# First 3 smokes on the new CC SG 24



## tx pitmaster (Apr 12, 2021)

I've been pretty busy lately so I haven't been able to post on my 1st 3 smokes on my Camp Chef SG24..

1st smoke was on a spatchcocked chicken. And it turned out OK.. it did turn out kind of dry so gonna have to go to plan B on that.

2nd smoke was a half and full butt.  For the butts I cleaned them up ,  generously put on rub, wrapped in saran wrap  And placed in the refrigerator overnight.   I got up at 3:50, got the smoker going and let it stabilize for 30 minutes and placed the butts into the smoker out about 4:45a at 250.  ( My wife and I are critical of each other's food and therefore she will tell me exactly whither or not the food is good)  I pulled the 1st but at about  1.30p and I pulled the full butt out at about 6:15 p.m. My wife set it was the best pulled pork that she's ever had.  And I thought it was pretty damn good too..!
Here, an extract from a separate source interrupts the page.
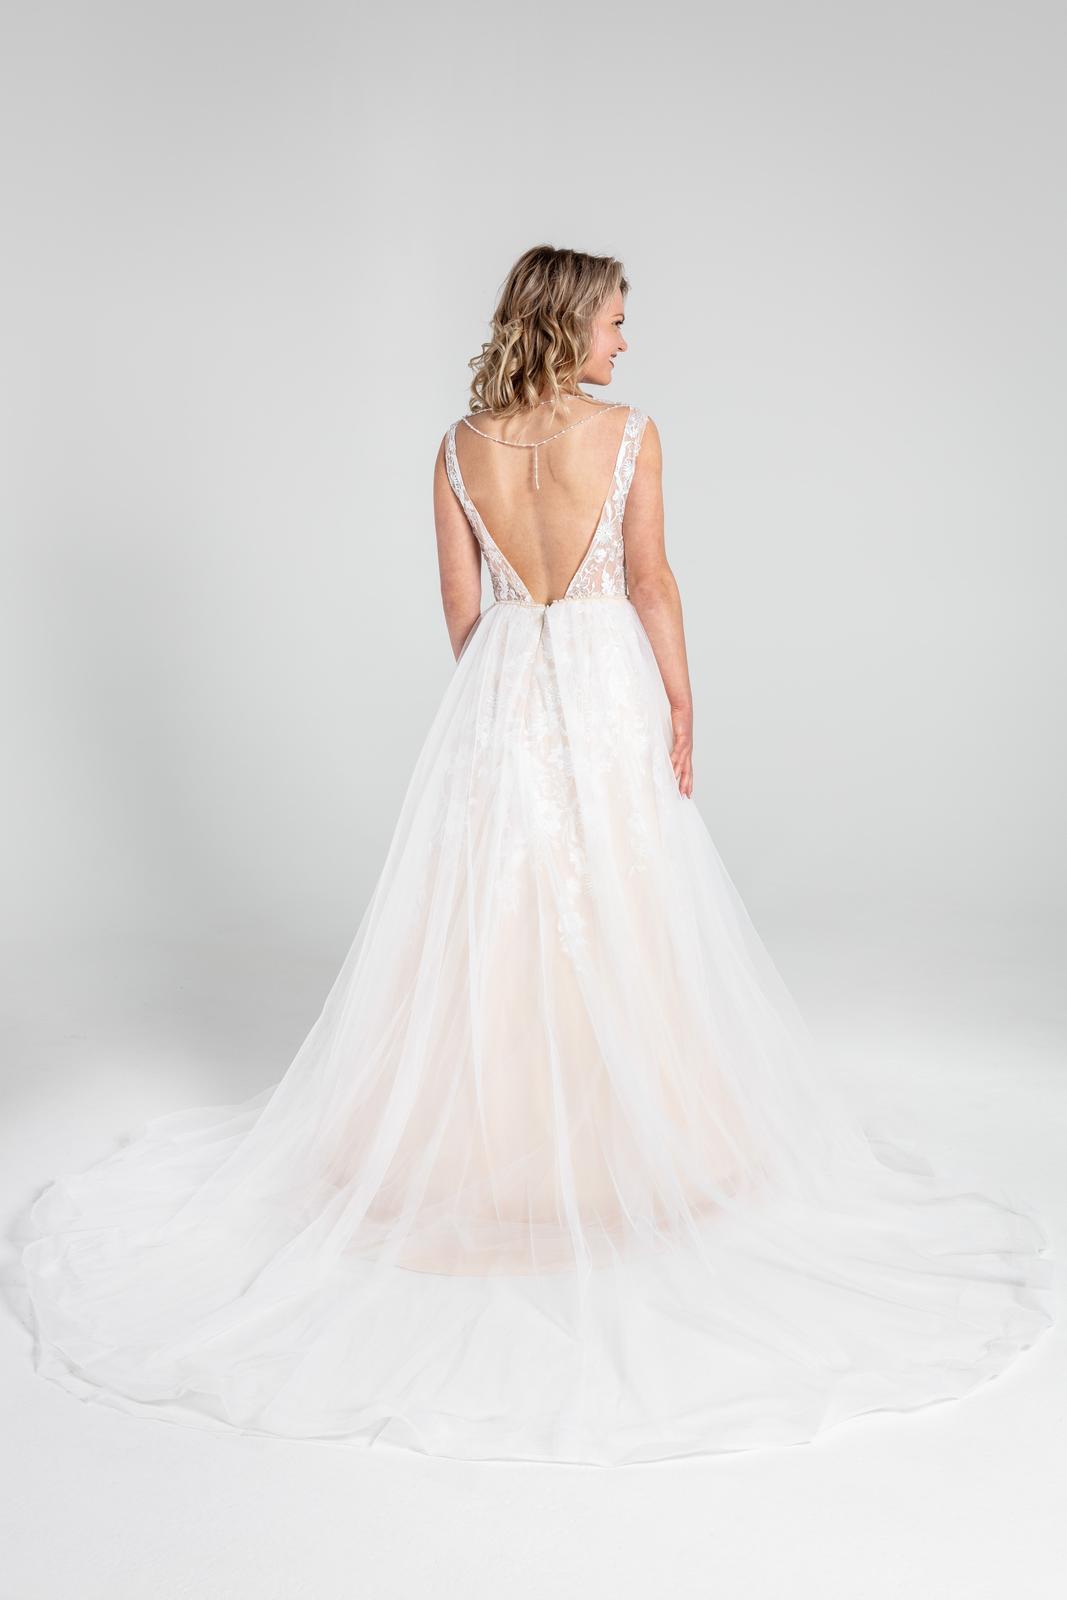 Svatební šaty v boho stylu s tylovou sukní, 36-42 - Obrázek č. 4

3rd smoke  was 2 racks ribs.. (Saturday).   I cleaned him up pulled the membrane put the rub on generously on both sides placed in the refrigerator until the morning.   I got the smoker going at 11 put the ribs on at noon  they were ready just about 5:00 p.m.  here's a few pics..

R


----------



## 912smoker (Apr 12, 2021)

Looks like all turned out great ! Did you wrap the ribs or go naked ?


----------



## SmokinAl (Apr 12, 2021)

Everything looks pretty darn good to me!
Al


----------



## JLeonard (Apr 12, 2021)

Nice bit of work there. And the main critic was happy so life is good.
Jim


----------



## tx pitmaster (Apr 13, 2021)

912smoker said:


> Did you wrap the ribs or go naked


always naked..  i've found that's the best way.. then just add sauce when you want.  on the other hand i do KC style also 'once in a while' so i do on those occasions put a little sauce on 1.5 hrs before taking off..

r


----------



## tx pitmaster (Apr 13, 2021)

JLeonard said:


> And the main critic was happy so life is goo


and... that's all that matters.. lol


----------